▶ _GOAL OF THE EXERCISE_
Transcribe the data exactly, pictures excluded.

▶ _INFORMATION SHOWN_

[Start of section]

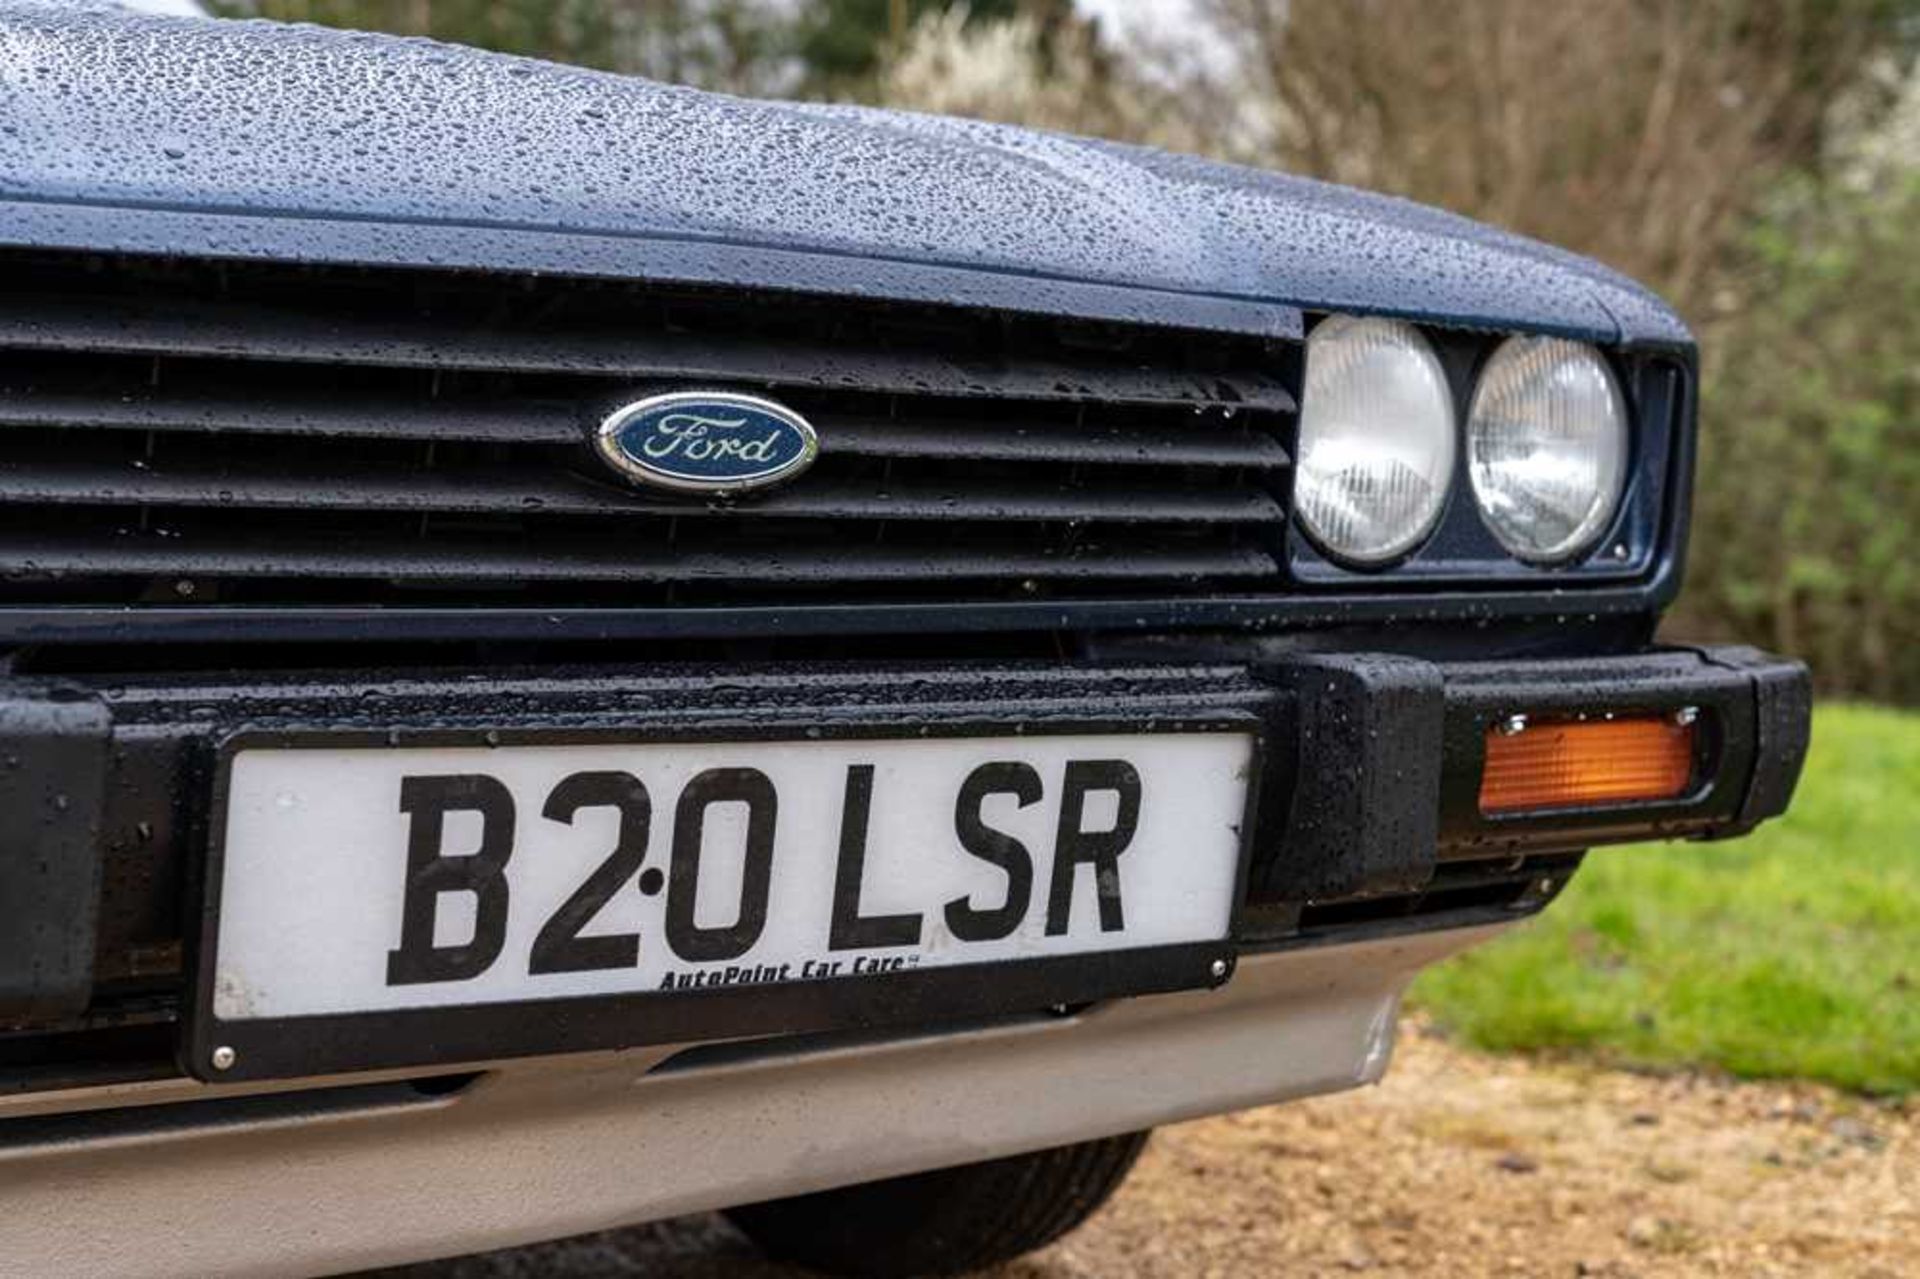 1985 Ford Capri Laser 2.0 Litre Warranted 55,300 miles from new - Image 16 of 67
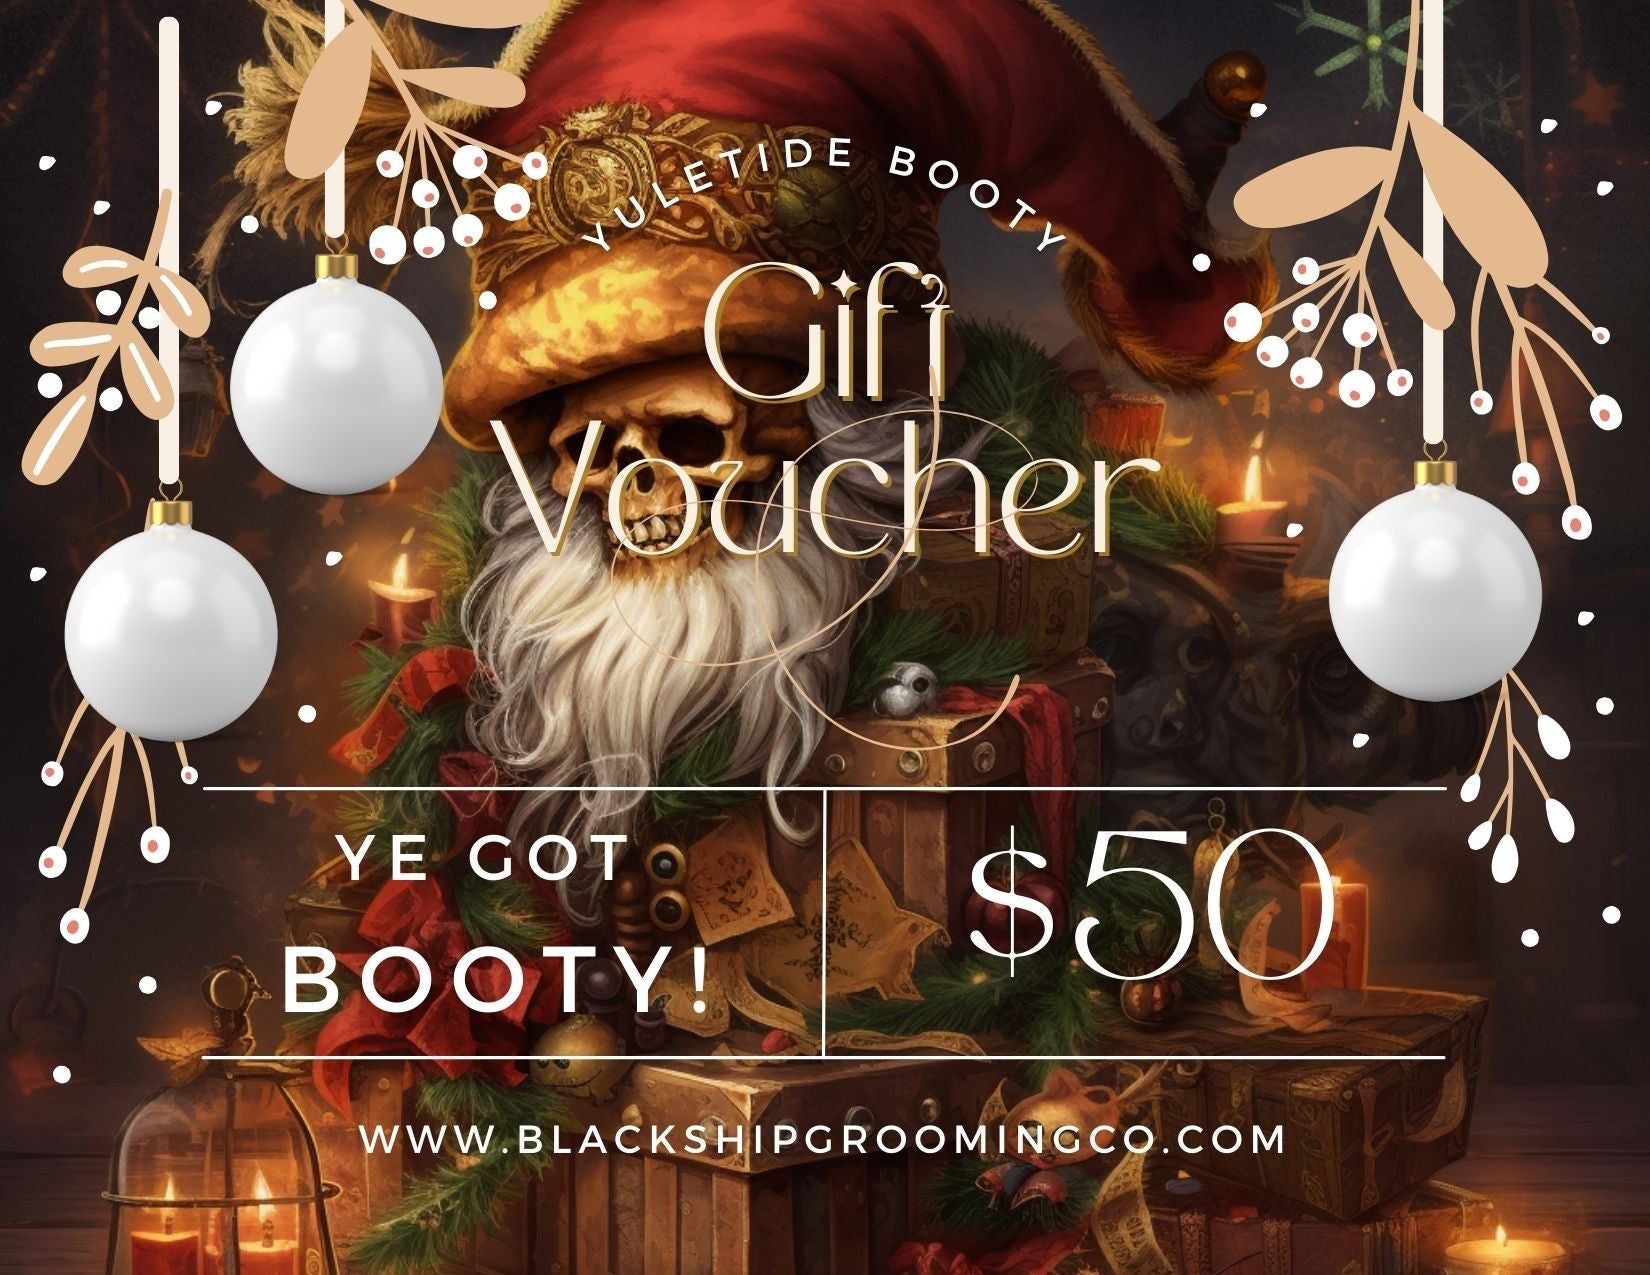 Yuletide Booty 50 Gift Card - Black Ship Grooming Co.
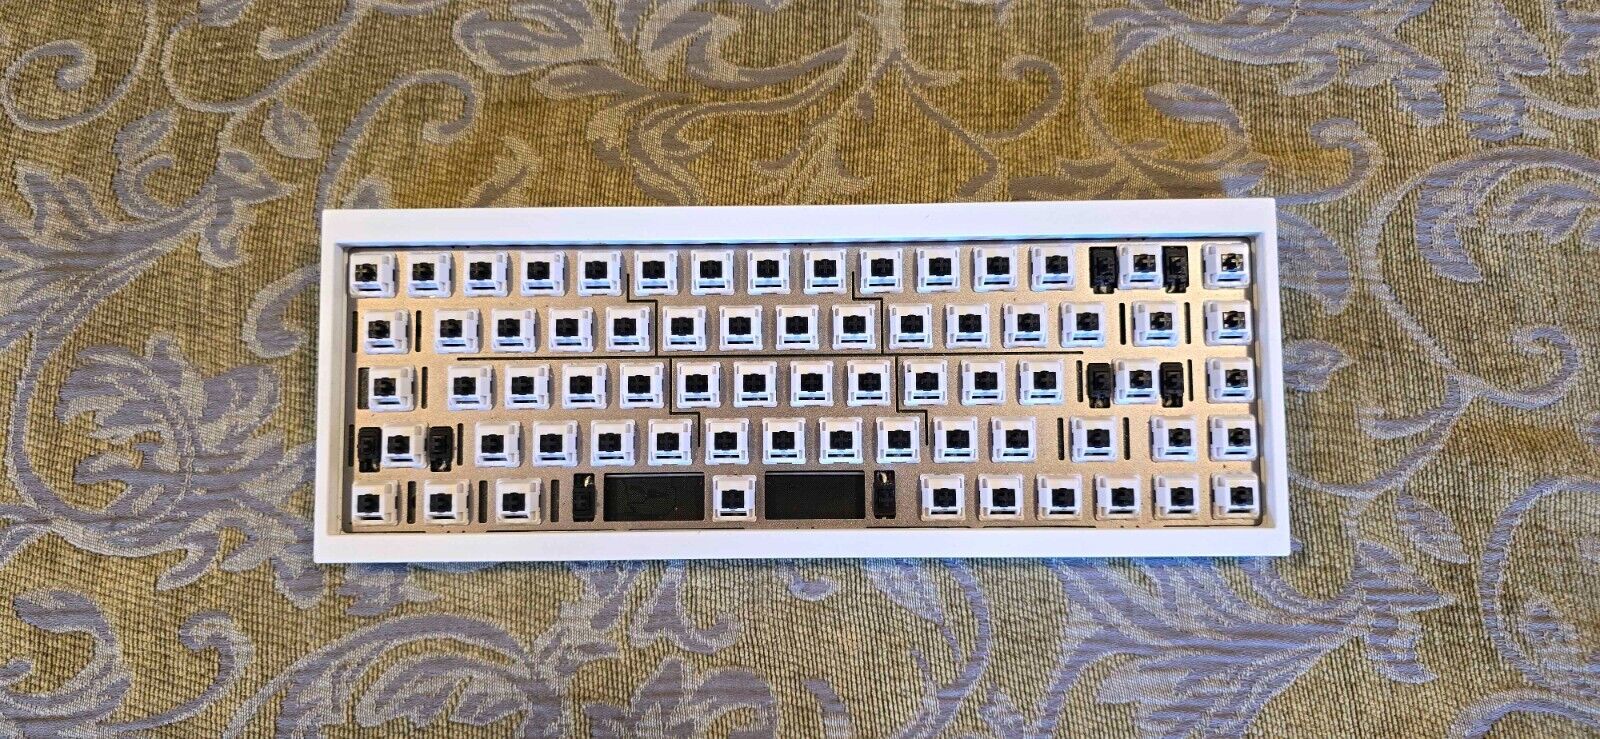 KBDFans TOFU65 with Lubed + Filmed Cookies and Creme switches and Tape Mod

[End of section]

▶ _WRITTEN REPLY_
 1985 Ford Capri Laser 2.0 Litre Warranted 55,300 miles from new - Image 16 of 67
 Yuletide Booty 50 Gift Card - Black Ship Grooming Co.
 KBDFans TOFU65 with Lubed + Filmed Cookies and Creme switches and Tape Mod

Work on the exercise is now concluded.